Gao Xiqing () (born September 1953) is the former Vice Chairman, President and Chief Investment Officer of the China Investment Corporation, one of China's sovereign wealth fund.

Early life and career
Gao obtained a bachelor of arts (1978) and a Master in Law (1981) from the University of International Business in Beijing and obtained a law degree in 1986 from Duke University's Law School and became the first Chinese citizen to pass the New York State Bar Exam. For the next two years following graduation from Duke, Gao worked as an associate at the Wall Street law firm Mudge Rose Guthrie Alexander & Ferdon (Richard Nixon's former law firm).
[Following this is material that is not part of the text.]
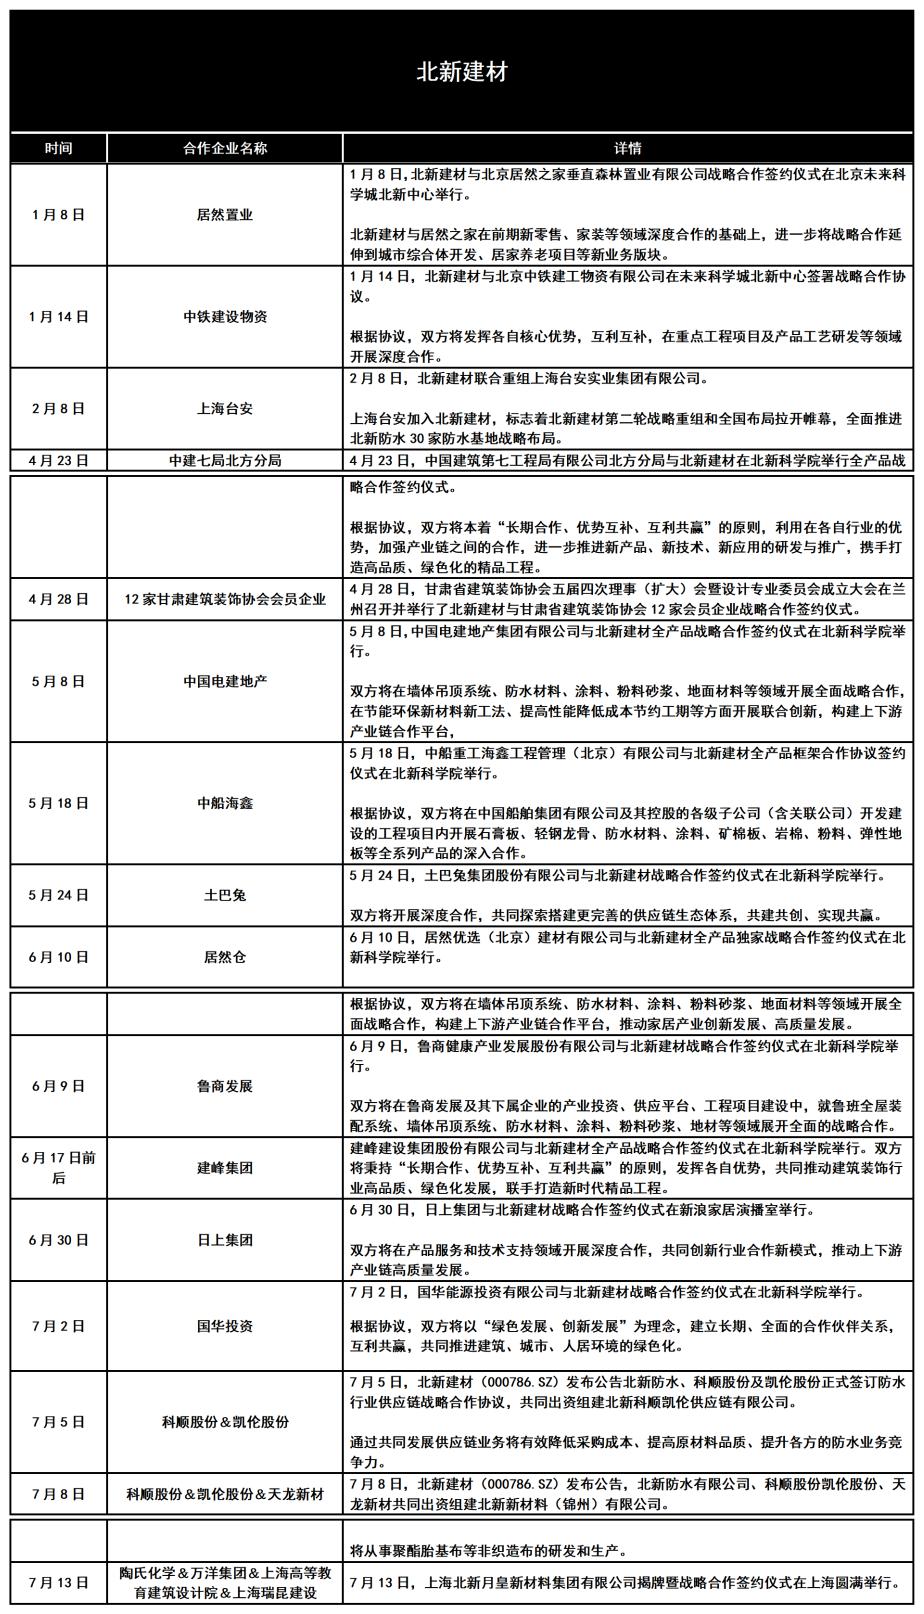 寰俊鍥剧墖_20210721110335.png
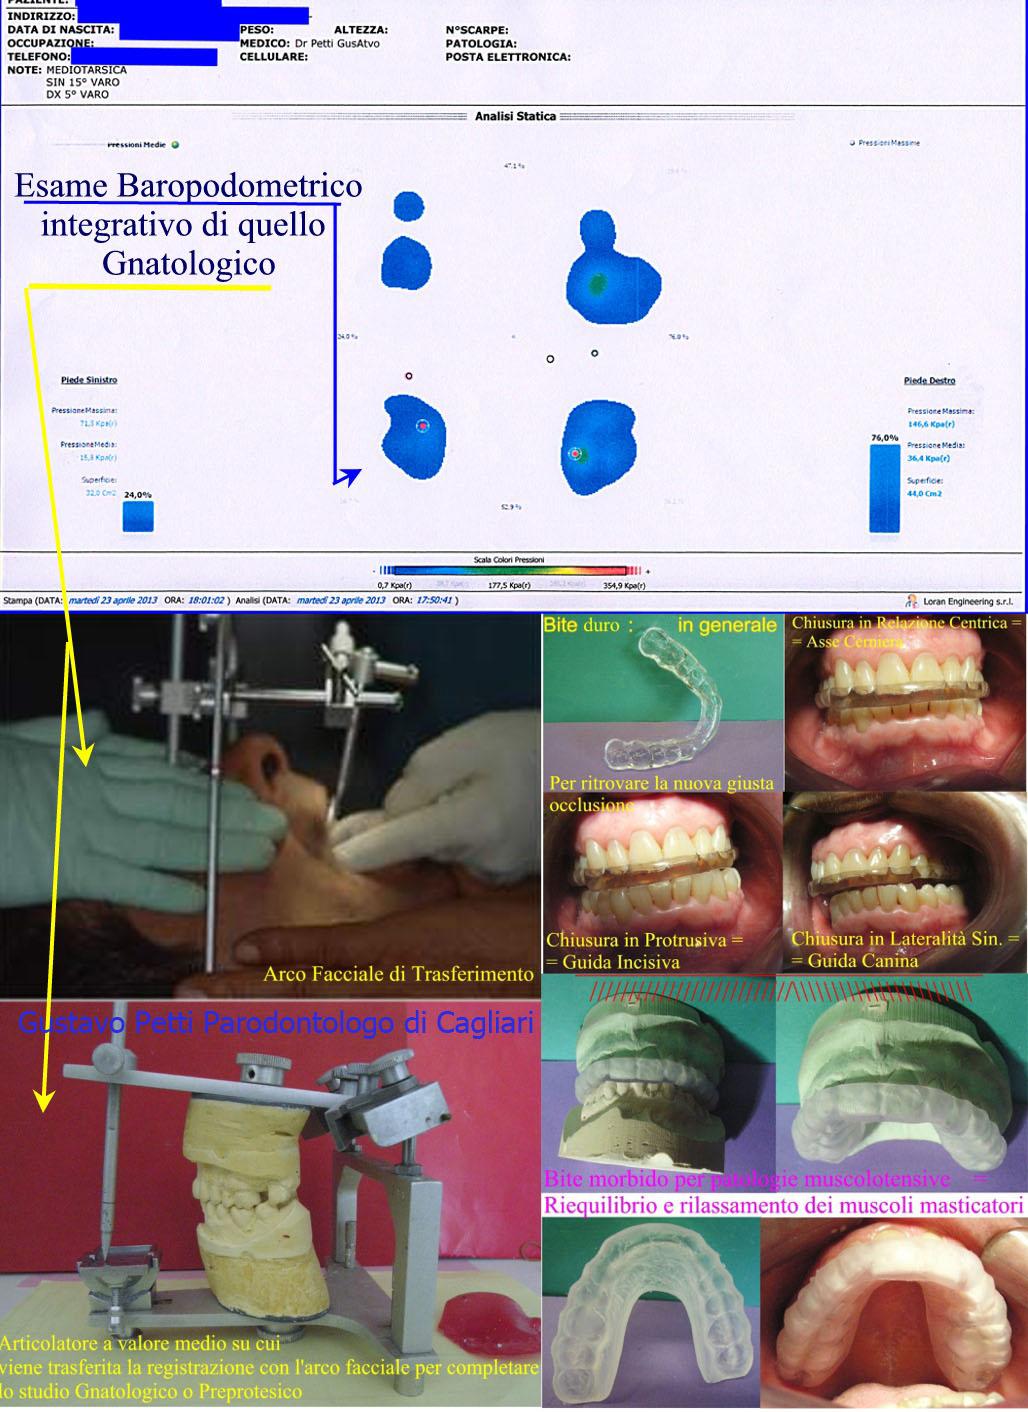 gnatologia-dr-g.petti-cagliari-13.jpg

He then returned to China in 1988. From 1992-1995 he served as the General Counsel and the Director of Public Offerings of China Securities Regulatory Commission (CSRC). Then, from 1997–1999, he served as Deputy Chief Executive at the HK-Macao Regional Office of the Bank of China.  He later served as the Vice Chairman of the China Security Regulatory Commission (CSRC) and the Vice-Chairman for the National Council for Social Security Fund (SSF).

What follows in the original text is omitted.